Saturday, January 27, 2007

The Price of Tortillas

Tortillas, a Mexican staple, are costing more these days, and those who can least afford such an increase are hitting the streets to protest the price hikes. The reason for the price hikes? Let's just say NAFTA turned out to be a mistake for the poor and the laborers of both countries. From Mexico's La Jornada:

The crisis we are experiencing in regard to the rise of tortilla prices that so gravely affects the Mexican population, but more seriously affects the 20 million people who are already food-poor, is yet another manifestation of the asymmetrical and wrong-headed trade relationship between Mexico and the United States. Since the signing of the Free Trade Agreement (NAFTA) in 1994, a great many voices have called attention to the problems that could arise. These include that the Treaty would neither achieve a reduction in migration (the central argument of Salinas de Gotari ) nor would it permit us to overcome our subordinate position in relation to the United States, since in economic terms, Mexico was not on an equal footing with its neighbor. Lamentably, time has proven these voices to be right. For their part, the U.S. visualized quite clearly that a form of domination could be achieved over other countries by achieving crop-growing supremacy. And Mexico entered that game losing food self-sufficiency, with all the grave effects that this has brought.
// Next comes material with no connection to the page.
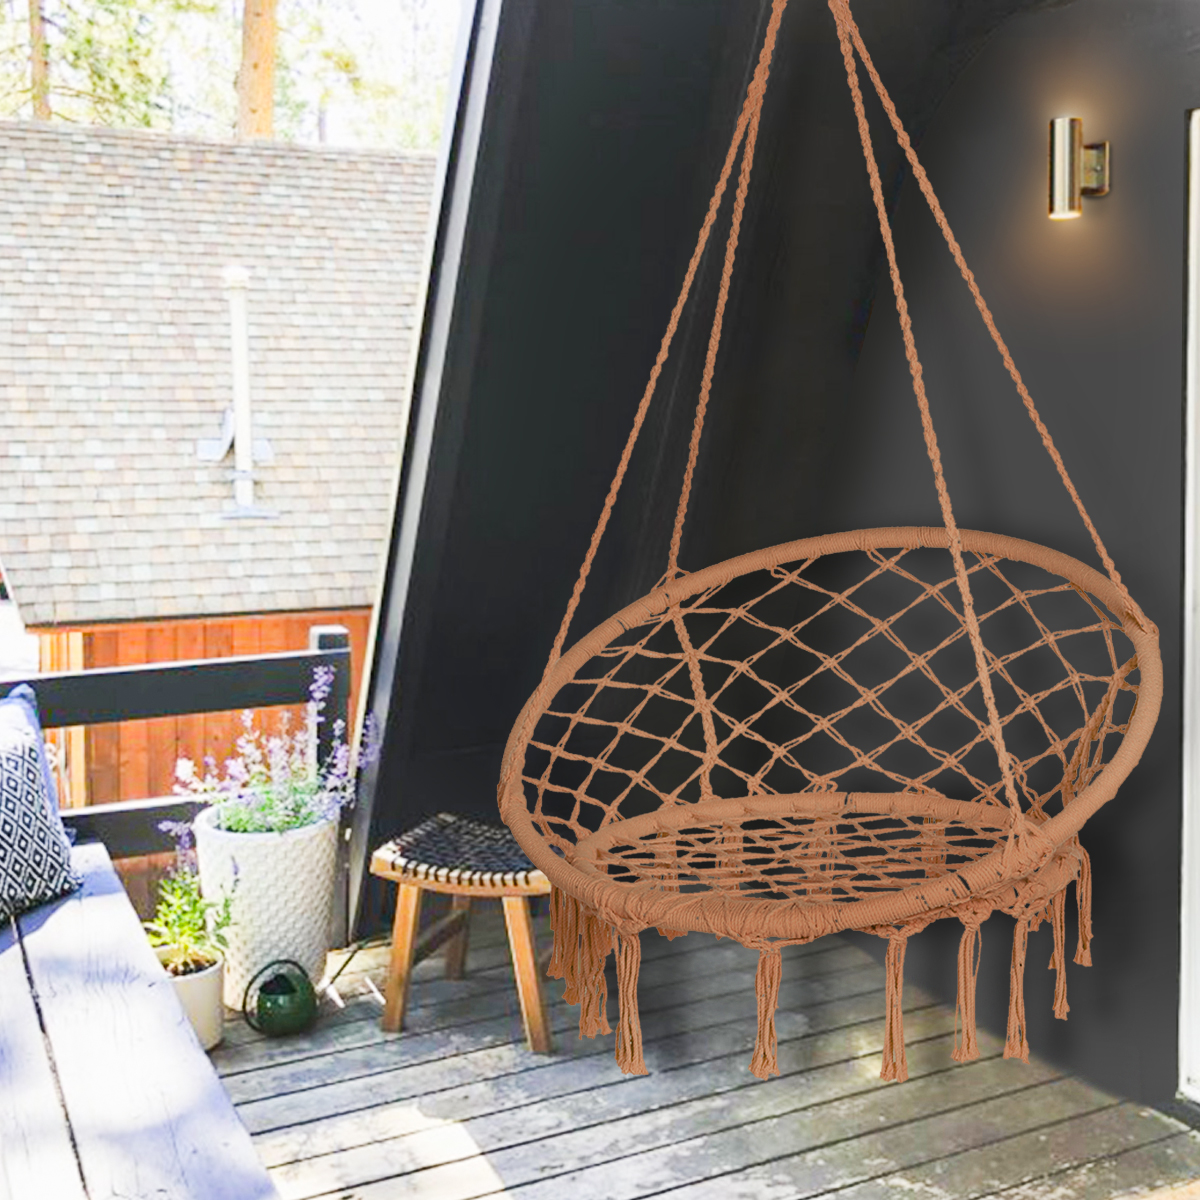 Cotton-Metal-Swing-Seat-Hanging-Chair-Hammock-Max-Load-240kg-for-Outdoor-Garden-Camping-1826564-11
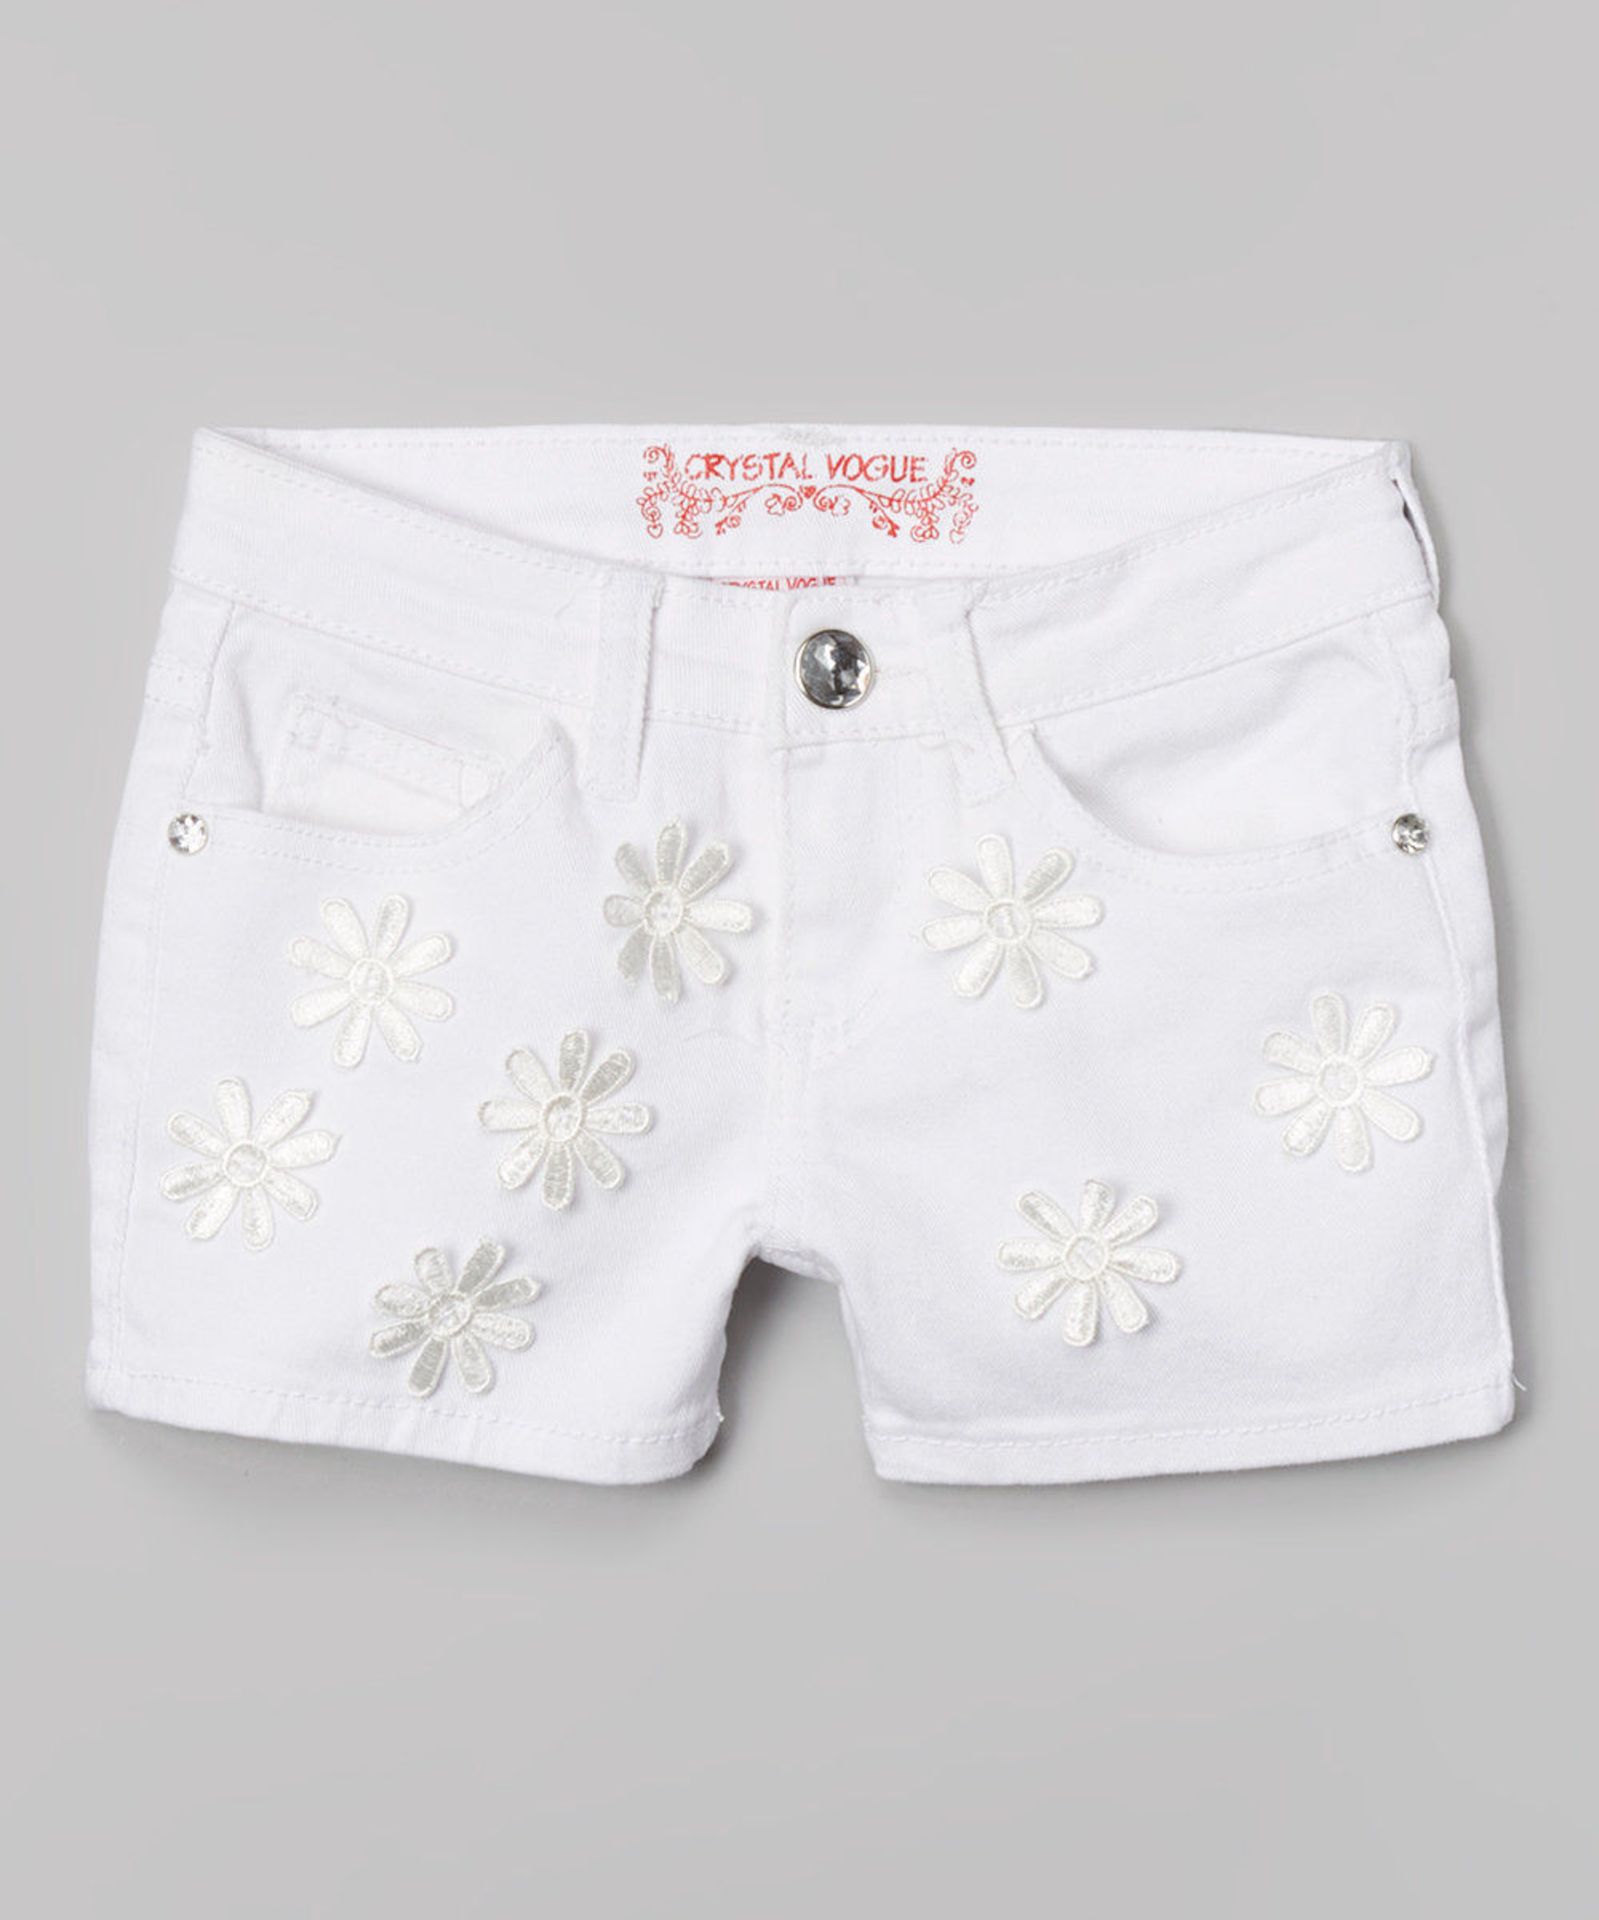 Crystal Vogue, White Floral Embroidered Denim Shorts - Girls, Size 14 Years (New with tags) [Ref:

The irony of the NAFTA results is that Mexico finds itself in a much worse situation than it held prior to signing the free trade agreement.

For the United States to achieve this practically hegemonic position has required foreign workers, and to transform them into a reserve industrial army in their home countries by making it possible for them to migrate [north], which has devastating effects on Mexican farming. The great irony of all this is that we now import food products and export our work force, which favors U.S. competitiveness and leaves us at the mercy of the ups and downs of their economy. [Emphasis added]

It isn't, however, just Mexican laborers who have lost ground. The American labor force has also suffered under the various free trade agreements as their jobs have either been turned over to laborers residing in Asia or to laborers who are brought in from Mexico and Central America. The only ones making out under NAFTA are the mega corporations whose tentacles reach to all parts of the world.

And the result is that the poor in Mexico are hard pressed to buy their tortillas.